Oosthoek encyclopedie

Oosthoek's Uitgevers Mij. N.V (1916-1925)

Gepubliceerd op 17-01-2019

Schemering

betekenis & definitie

Schemering - de tijd tusschen het ondergaan, resp. opgaan der zon en het intreden resp. verdwijnen van het nachtelijk duister. Wanneer de zon reeds onder den horizon is, ontvangen wij nog zonlicht, teruggekaatst op in de atmosfeer zwevende stofdeeltjes, des te minder, naarmate de zon dieper onder den horizon zinkt. De intensiteit en de duur der schemeringsverschijnselen hangen dus af van de hoeveelheid stof in de atmosfeer en van de snelheid, waarmede de zon onder den horizon zinkt. De duur der s. neemt derhalve toe met de geografische breedte.
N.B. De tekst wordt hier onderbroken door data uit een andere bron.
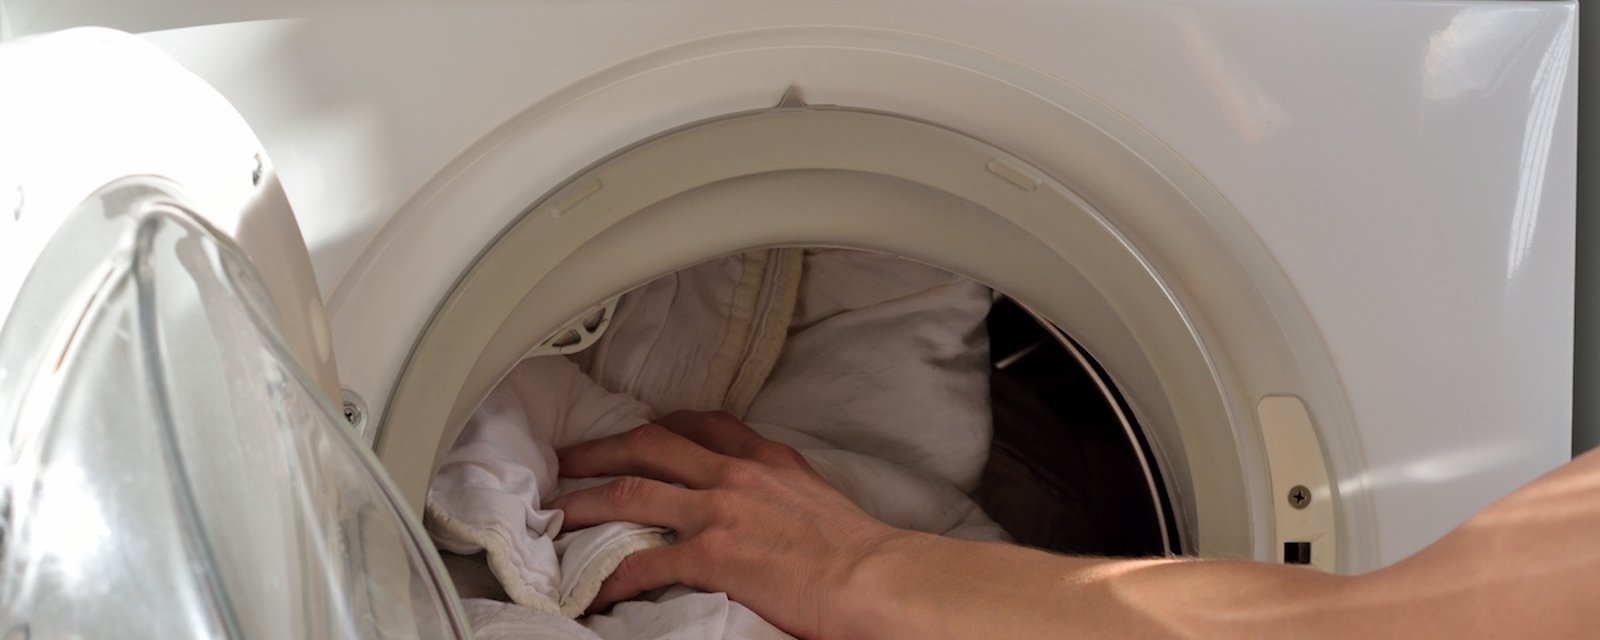 5 secrets sur la machine à laver révélés par des employés de buanderies professionnelles

Op 60° breedte blijft het in den zomer den geheelen nacht licht, hoewel de zon eenige uren onder den horizon is. In de tropen, waar de zon snel wegzinkt, duurt de s. niet langer dan een kwartier. Het laatste schemeringslicht verdwijnt, wanneer de zon 16° onder den horizon is. Na groote vulkaanuitbarstingen komen abnormale schemeringsverschijnselen voor als gevolg van stofmassa’s, die in de atmosfeer omhoog geslingerd zijn (Krakatau 1883, Mont-Pelée Juni 1902). De avondhemel wordt bij de s. eerst purperrood en daarna geheel gekleurd. Dikwijls volgt daarna nog een tweede, zwakkere purperkleuring.